Largometrajes planteados como una sola toma larga, sin cortes —que den la impresión de que la realidad se está mirando sin que nada se ‘arregle’ tras bambalinas—, hay más de uno. Por lo general, a veces se camufla uno que otro corte de edición, pero de tal manera que no se nota en el acabado final. Eso lo hizo Hitchcock con “La soga” en 1948. Y ahora lo vuelve a hacer otro británico, Sam Mendes, con su galardonada “1917”.
Pero Hitchcock no es el único precursor de Mendes. Existen propuestas contemplativas de ocho horas y cinco minutos como “Empire” (1964) de Andy Warhol —donde solo se ve, desde una toma fija, el edificio neoyorquino del título—, pero también tomas continuas de persecución, con ritmo frenético, al estilo de “Birdman” (2014) o de la fábula de terror uruguaya “La casa muda” (2010).
Si tuviera que elegir una película filmada con una toma continua, me quedaría con “El arca rusa” (Alexander Sokurov, 2002), especie de viaje onírico por la historia de Rusia a través de los pasillos del Hermitage.
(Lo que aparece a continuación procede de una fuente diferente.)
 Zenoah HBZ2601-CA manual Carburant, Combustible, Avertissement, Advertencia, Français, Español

En ese sentido, la obra de Mendes y el fotógrafo Roger Deakins no es, pues, el hito tecnológico que muchos han querido ver. Sin embargo, esto no le resta méritos a la que sin dudas es una cinta cautivante por muchos motivos.
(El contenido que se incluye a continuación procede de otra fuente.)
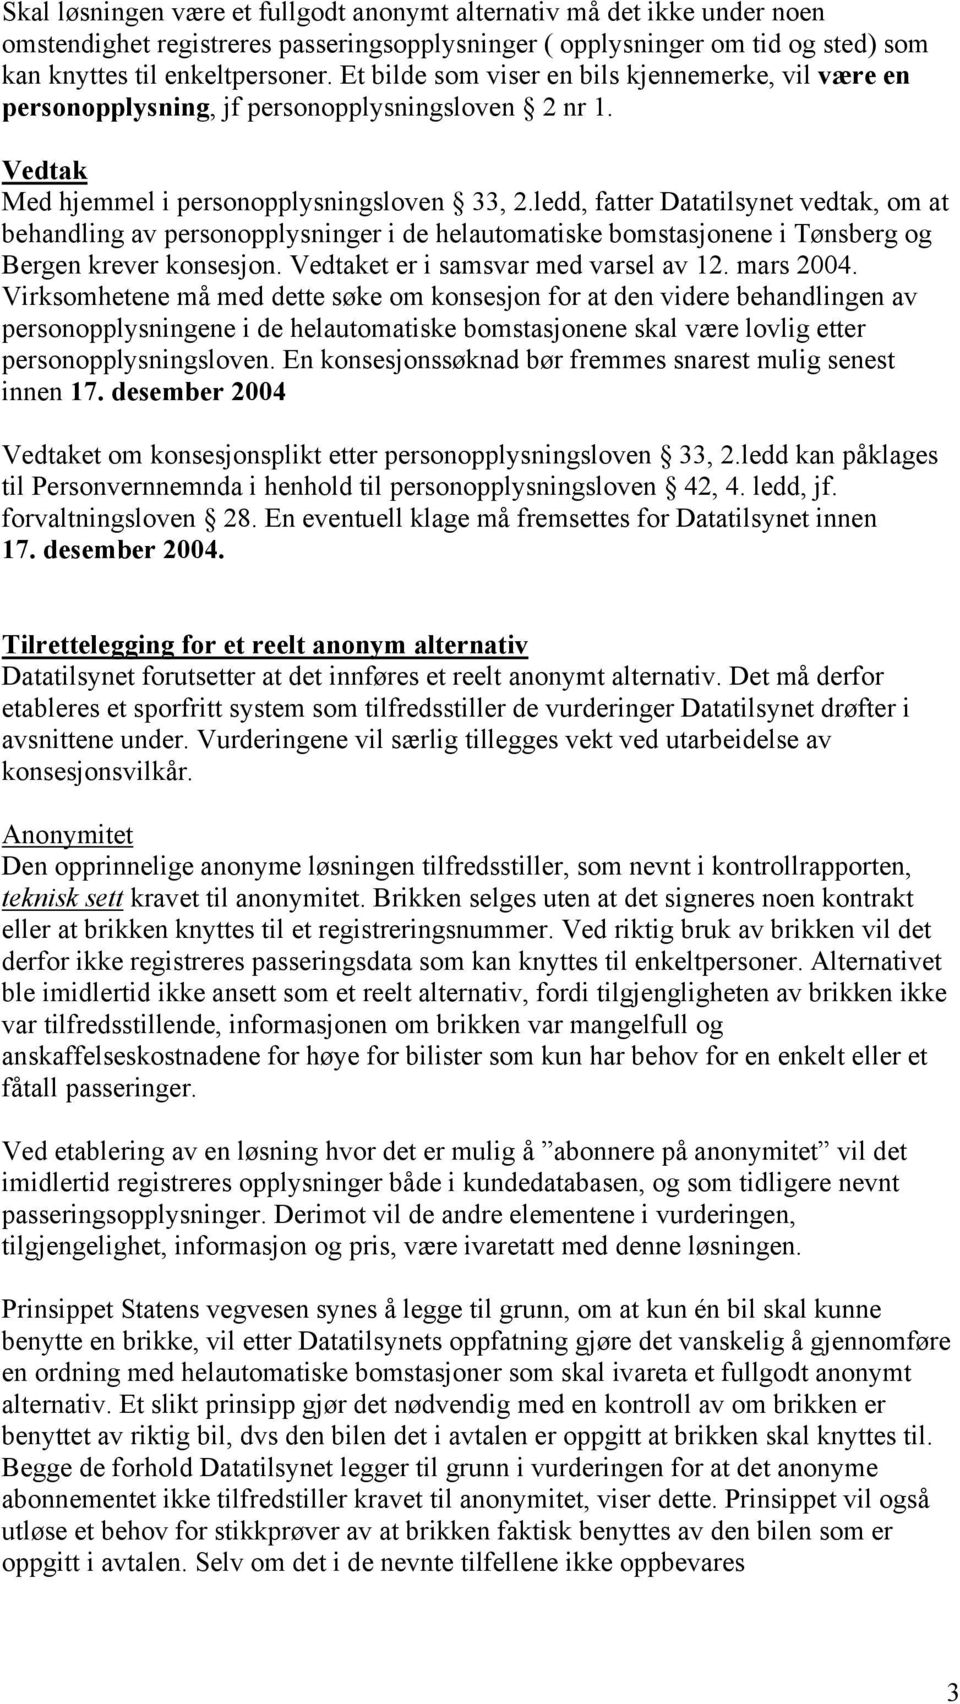 ledd, fatter Datatilsynet vedtak, om at behandling av personopplysninger i de helautomatiske bomstasjonene i Tønsberg og Bergen krever konsesjon. Vedtaket er i samsvar med varsel av 12. mars 2004.

Una de las razones para admirar “1917” está en que algo la une con “El arca rusa”: una especie de perspectiva divina, allende el tiempo de los humanos. Una mirada de ángel, si se quiere, que le da a los hechos un halo pretérito; y que, en este caso, sobrevuela a dos solados jóvenes que deben llevar una carta, de una base militar a otra, para impedir que las tropas inglesas caigan en una trampa del bando enemigo en la Primera Guerra Mundial.
De ahí que los que no aprueban “1917” se centren en la extrañeza de que esta sea una cinta bélica. Y es que quizá no lo sea realmente. Mendes cuenta la aventura de atravesar la guerra, y no de hacerla en combate. Es más la experiencia de sortearla, de mirarla desde el lado de sombra, para lograr el objetivo trazado. En ese sentido, está en las antípodas de películas como “Pelotón”, “Salvando al soldado Ryan” o “Dunkerque”.
Hay entonces en esta cinta algo de mirar desde afuera, desde otro tiempo, una realidad infernal. Y esto plantea un problema moral, ético: ¿qué tanto debe comprometerse la cámara, desde el punto de vista emocional, en lo que muestra? Y en esto Mendes sale airoso de la prueba, porque su mirada de emplazamiento celestial también sabe estar con sus personajes: suele dejar la distancia y, en momentos climáticos, ver el drama de cerca.
Esta estética que va de la distancia a la proximidad ya la había ensayado Mendes en sus cintas sobre James Bond (“Skyfall”, 2012; “Spectre”, 2015), pero acá cobra una forma majestuosa con la toma sin cortes que persigue a los héroes. Para esto, hay que decir que esta también es la historia de una amistad, y de hacer algo por el otro: el soldado más joven quiere salvar a su hermano mayor, y el otro soldado debe honrar a su amigo.
Si “1917” no es una obra maestra, quizá se deba a que el tema —la guerra— es el más difícil, cruento y brutal de todos. Al terminar la cinta, uno tiene la impresión de que ha asistido a una experiencia más poética —que se debe en mucho al trabajo con la luz de Deakins— que dramática. Lo más conmovedor y desolador está en la escena del acuchillamiento de uno de los héroes. Pero la guerra implica más sufrimiento, y la mirada de Mendes es más evocadora o asombrosa que visceral o desquiciada. De todos modos, este sigue siendo un filme brillante y hermoso, que busca la experiencia de lo sublime, y que rehúye el efectismo superficial. “1917” merece mucha más admiración que sospecha.
LA FICHA
Género: drama, guerra.
País y año: EE.UU./Reino Unido, 2019.
Director: Sam Mendes.
Actores: George MacKay, Dean-Charles Chapman, Colin Firth, Daniel Mays.